Jesús estaba invitado a comer un sábado, día de fiesta, en casa de un fariseo rico. En varias ocasiones nos narran los evangelios situaciones parecidas. Ello debía ser porque, aunque algunas veces nos cuentan palabras terribles de Jesús contra ellos, normalmente les trataría con mucha bondad y cortesía. Ellos sabían que su charla era amena y provechosa y se sentían halagados invitándole, por ser Jesús muy famoso.

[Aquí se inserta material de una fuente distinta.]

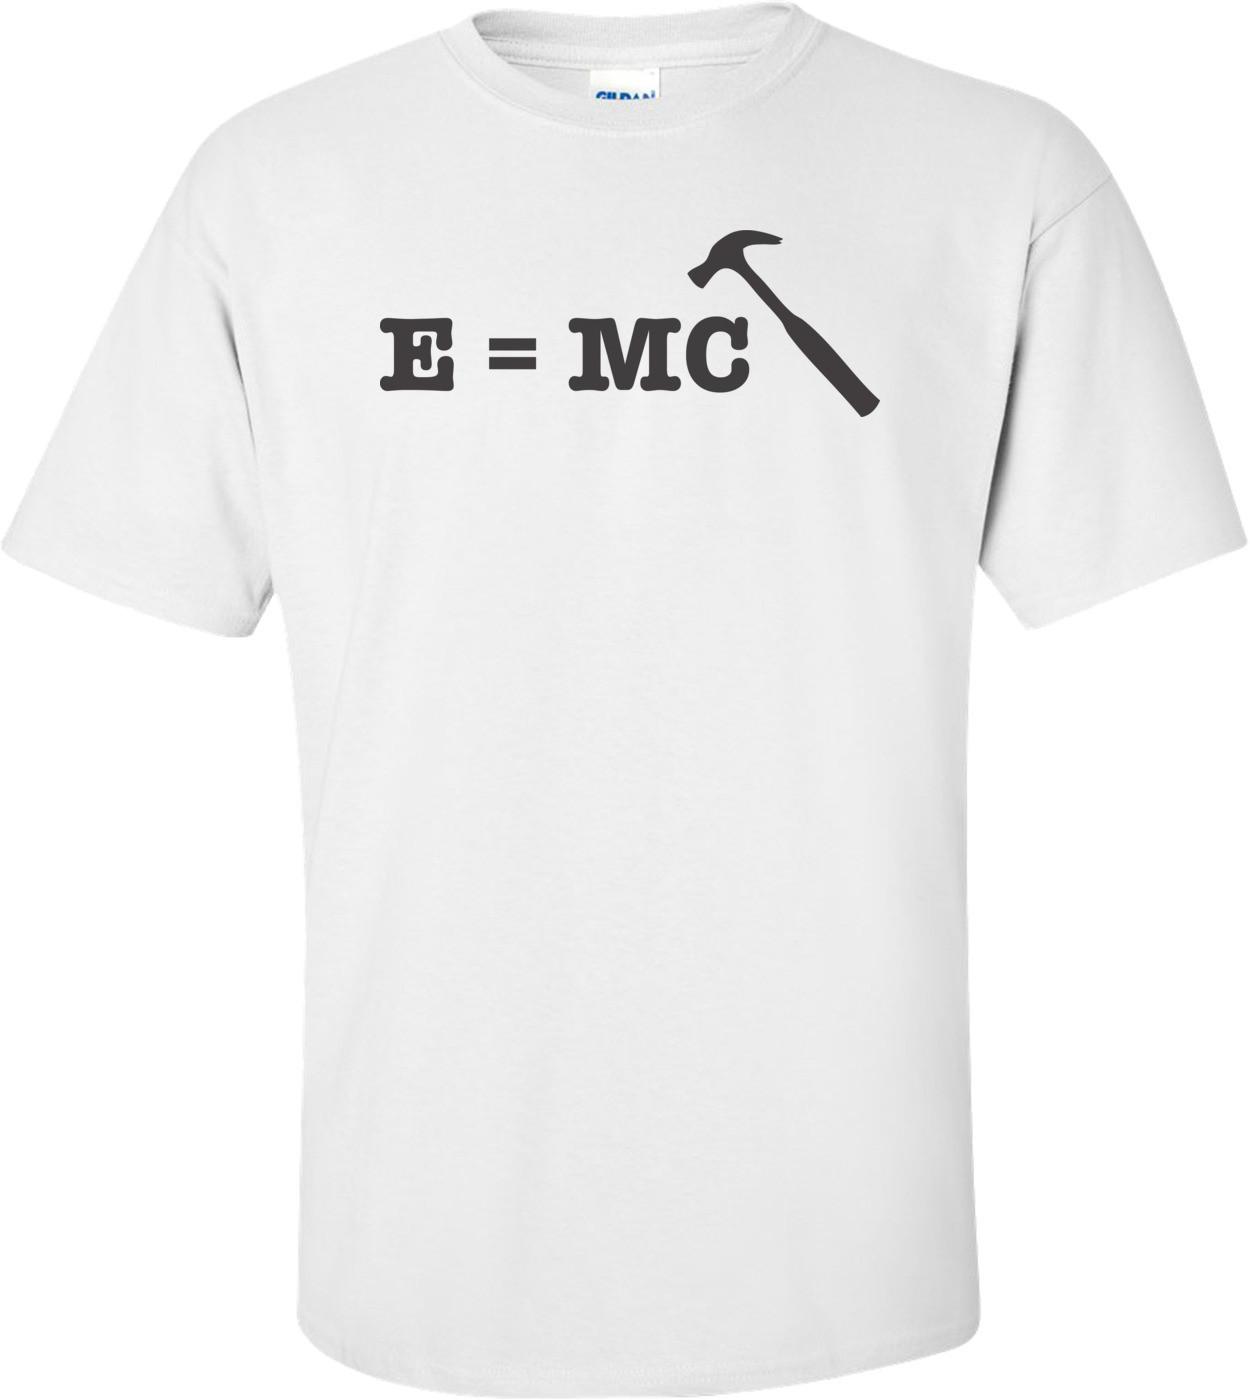 E=mc Hammer T-shirt

Jesús aceptaba porque era la ocasión para dar a los fariseos y a sus discípulos alguna enseñanza interesante. Hoy da dos consejos: uno para los invitados y otro para quien invita. El primero nos cuenta el evangelio que se debió porque Jesús se dio cuenta de lo que pasaba entre los invitados: todos querían estar entre los puestos principales. Es una actitud mundana: querer ser más que los demás y eso se manifestaba en el puesto a ocupar. Hoy normalmente en los banquetes de cierta categoría todos los puestos están ya señalados según cierto protocolo; pero esa actitud de vida vale para otros muchos momentos. Hasta en las cosas religiosas o los que creemos que vivimos como discípulos de Cristo, tenemos una gran tentación de comportarnos como los fariseos o los mundanos al actuar casi “pisando” a los demás.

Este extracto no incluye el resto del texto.